Gabby is standing on a river bank. She has two clay jars: one – for 5 litres, and about the second Gabby remembers only that it holds either 3 or 4 litres. Help Gabby determine the capacity of the second jar. (Looking into the jar, you cannot figure out how much water is in it.)
On Brennan’s birthday, the postman Daniel wants to find out how old Brennan is. Sarah says that Brennan is over 11 years old, and Matt claims that he is more than 10 years old. How old is Brennan, if it is known that exactly one of them was mistaken? Justify your answer.
In the garden of Sandra and Lewis 2006 rose bushes were growing. Lewis watered half of all the bushes, and Sandra watered half of all the bushes. At the same time, it turned out that exactly three bushes, the most beautiful, were watered by both Sandra and Lewis. How many rose bushes have not been watered?
In a physics club, the teacher created the following experiment. He spread out 16 weights of weight 1, 2, 3, ..., 16 grams onto weighing scales, so that one of the bowls outweighed the other. Fifteen students in turn left the classroom and took with them one weight each, and after each student’s departure, the scales changed their position and outweighed the opposite bowl of the scales. What weight could remain on the scales?
The surface of a \(3\times 3\times 3\) Rubik’s Cube contains \(54\) squares.

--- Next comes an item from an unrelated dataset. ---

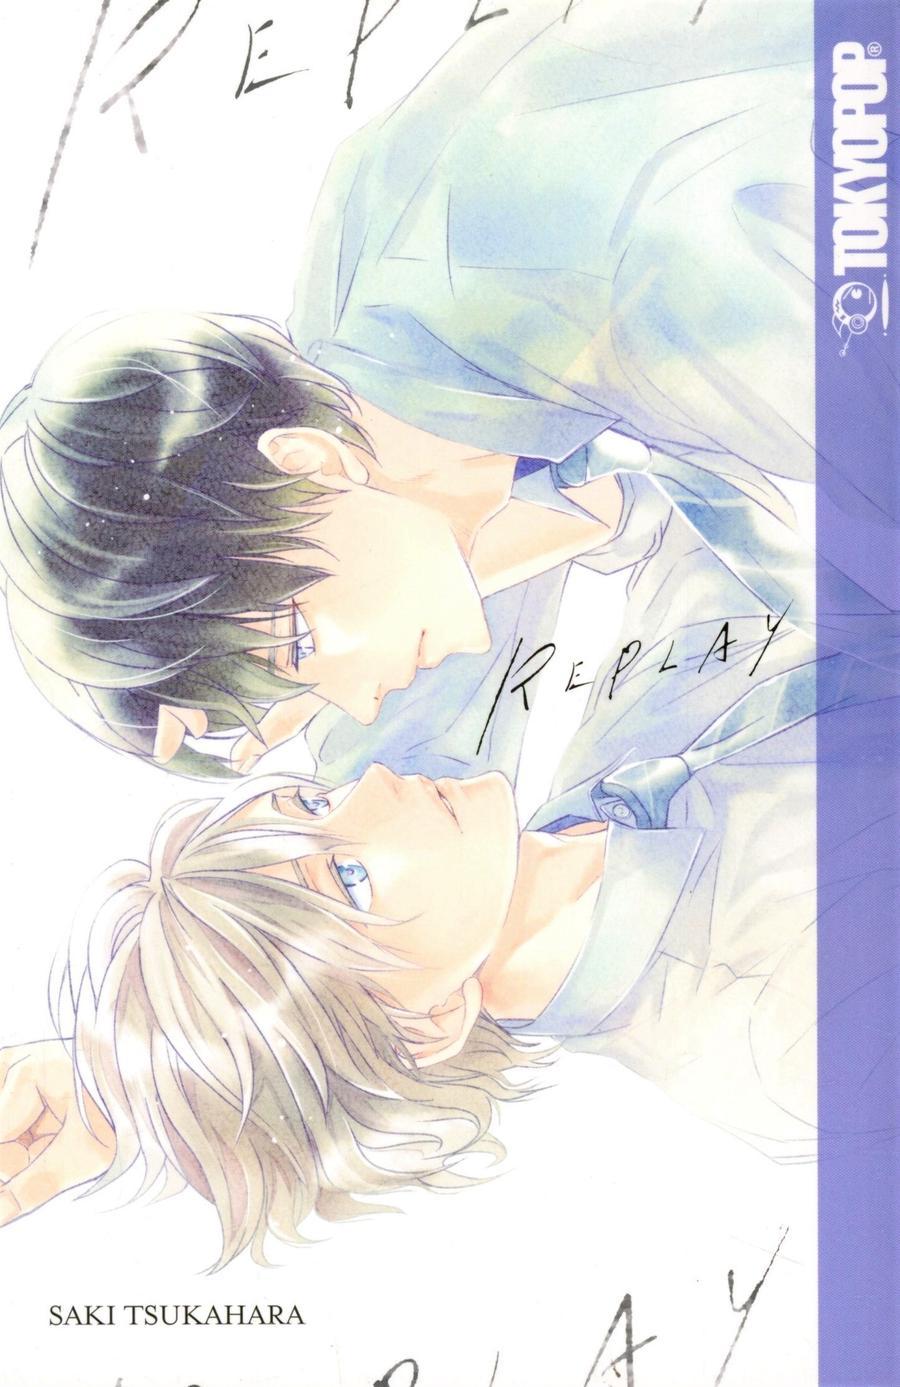 Replay (Yaoi) Vol 1 GN

What is the maximum number of squares we can mark so that no marked squares share at least one vertex?
Make sure you show that both (a) you can achieve this maximum and (b) that you can’t do better than this maximum.
Is it possible to place 12 identical coins along the edges of a square box so that touching each edge there were exactly: a) 2 coins, b) 3 coins, c) 4 coins, d) 5 coins, e) 6 coins, f) 7 coins.
You are allowed to place coins on top of one another. In the cases where it is possible, draw how this could be done. In the other cases, prove that doing so is impossible.
The centres of all unit squares are marked in a \(10 \times 10\) chequered box (100 points in total). What is the smallest number of lines, that are not parallel to the sides of the square, that are needed to be drawn to erase all of the marked points?
Prove that, in a circle of radius 10, you cannot place 400 points so that the distance between each two points is greater than 1.
A circle is covered with several arcs. These arcs can overlap one another, but none of them cover the entire circumference. Prove that it is always possible to select several of these arcs so that together they cover the entire circumference and add up to no more than \(720^{\circ}\).
At the end of the term, Billy wrote out his current singing marks in a row and put a multiplication sign between some of them. The product of the resulting numbers turned out to be equal to 2007. What is Billy’s term mark for singing? (The marks that he can get are between 2 and 5, where 5 is the highest mark).